By: Sadik Mohammed
Ramadan is the holy month of fasting for Muslims, during which they abstain from food, drink and all others that were hitherto permitted them by Allah from sunrise to sunset as divine obligation.
The month long fast serves as the Special Purpose Vehicle(SPV) for seeking forgiveness and nearness to Allah, their Lord who loves piety and righteousness.

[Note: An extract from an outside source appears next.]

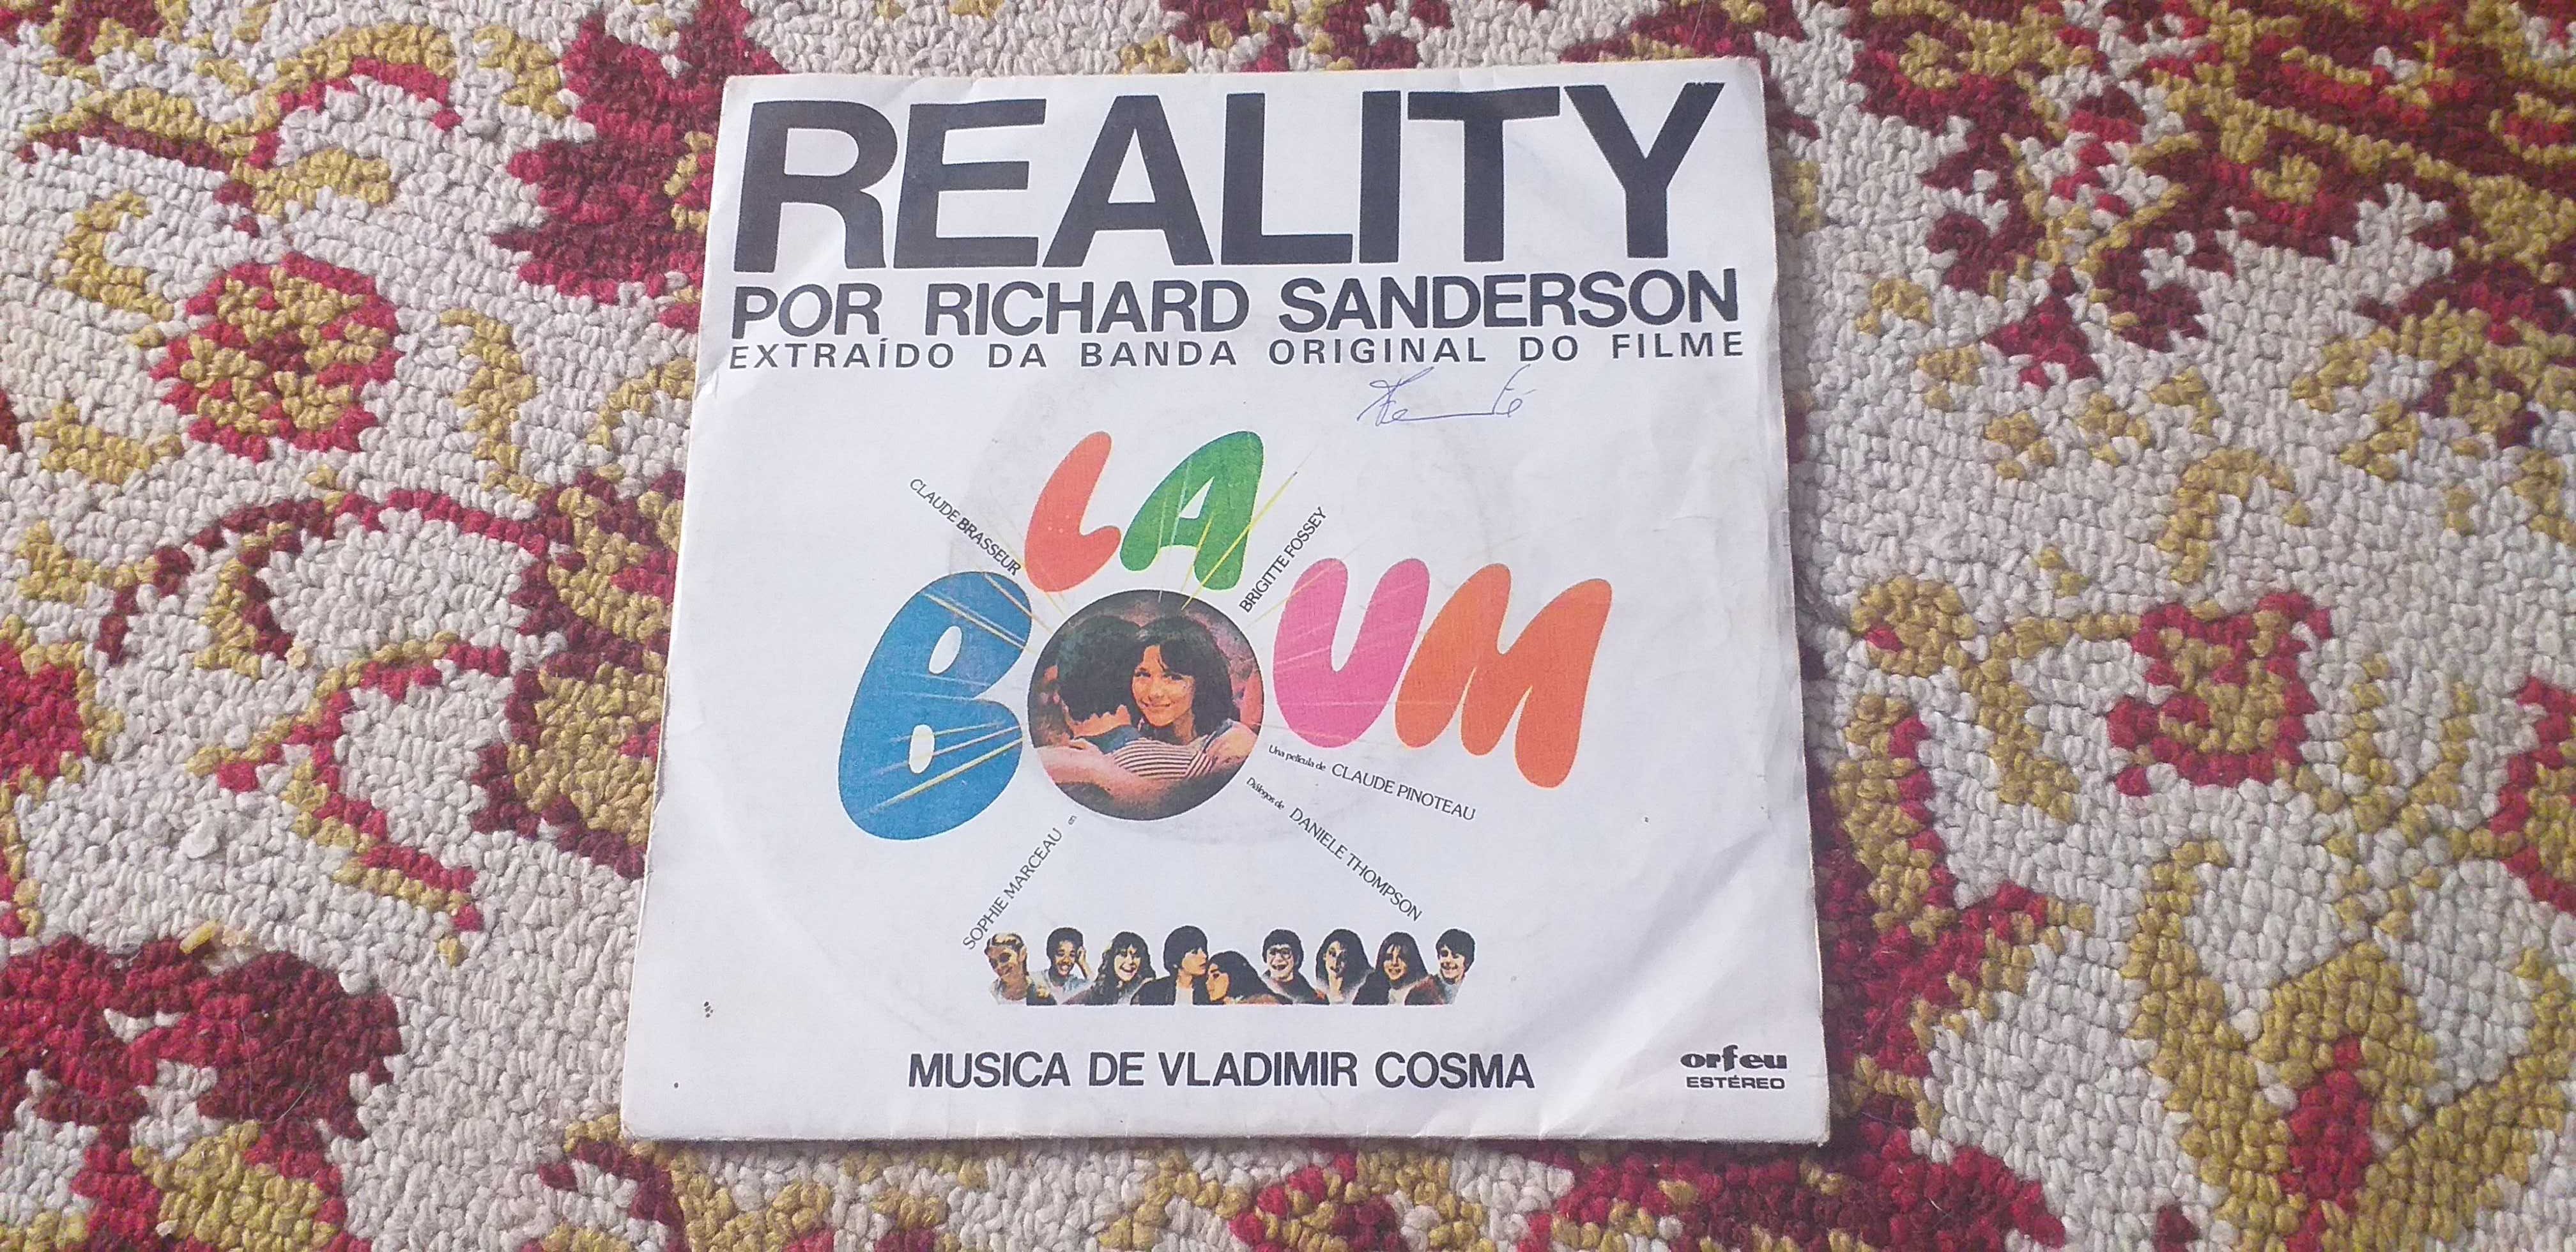 Richard Sanderson - Reality - single - portes incluidos

Spiritual and Moral Importance
It is indeed an annual opportunity for Muslim to do stock taking, pursue moral and spiritual rejuvenation and seek for re-alignment with their Grand Creator.
This is underpinned by learning to cultivate self-restraint, good manners and behavior, loving kindness through stepping up of charitable activities and doing additional supererogatory worship and prayers in addition to the five daily salat.

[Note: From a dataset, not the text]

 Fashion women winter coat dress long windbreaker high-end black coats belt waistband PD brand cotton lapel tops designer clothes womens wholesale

These are all important towards drawing Muslims closer to their Lord, Allah and beefing up their spirituality for that matter.
The Ramadan fast also has a socio-economic dimension. In the society we have the poor and the rich. In the houses of the rich they are not in want and have plenty to eat and could chose to eat as many times as they chose to.
Conversely, in the house of the poor, even one square meal is sometimes a problem. How then does the rich also get to taste hunger and feel the pangs of it? Ramadan fasting is the answer.
The Ramadan fast seeks to also inculcate sympathy in the rich for the poor which is good for the maintenance of social equilibrium.
A society where the rich live in extravagance and affluence and are least sensitive to the plight of the poor, risk the generation of bad blood between the rich and the poor the resultant effects of which could be social tensions and undesirable conflict.
Health Benefits of Ramadan Fast
In addition to the foregoing religious and socio-economic significance, Ramadan is also associated with several health benefits. Here are five health benefits of Ramadan:
Weight loss: Fasting during Ramadan can lead to weight loss, as the body uses stored fat for energy when it is not receiving food. However, it is important to maintain a healthy and balanced diet during non-fasting hours to avoid overeating and unhealthy weight loss.
Improved insulin sensitivity: Fasting has been shown to improve insulin sensitivity, which can reduce the risk of developing type 2 diabetes. During Ramadan, the body’s cells become more responsive to insulin, which helps to regulate blood sugar levels.
Reduced inflammation: Fasting has been shown to reduce inflammation in the body, which is linked to many chronic diseases such as heart disease, cancer, and Alzheimer’s disease.
Improved mental health: Ramadan is also associated with improved mental health. Fasting has been shown to reduce stress, anxiety, and depression, and can improve overall mood and emotional wellbeing.
Many people find that fasting during Ramadan increases their sense of spirituality and connection to their faith. This can provide a sense of purpose and meaning, which can have positive effects on mental health and overall wellbeing.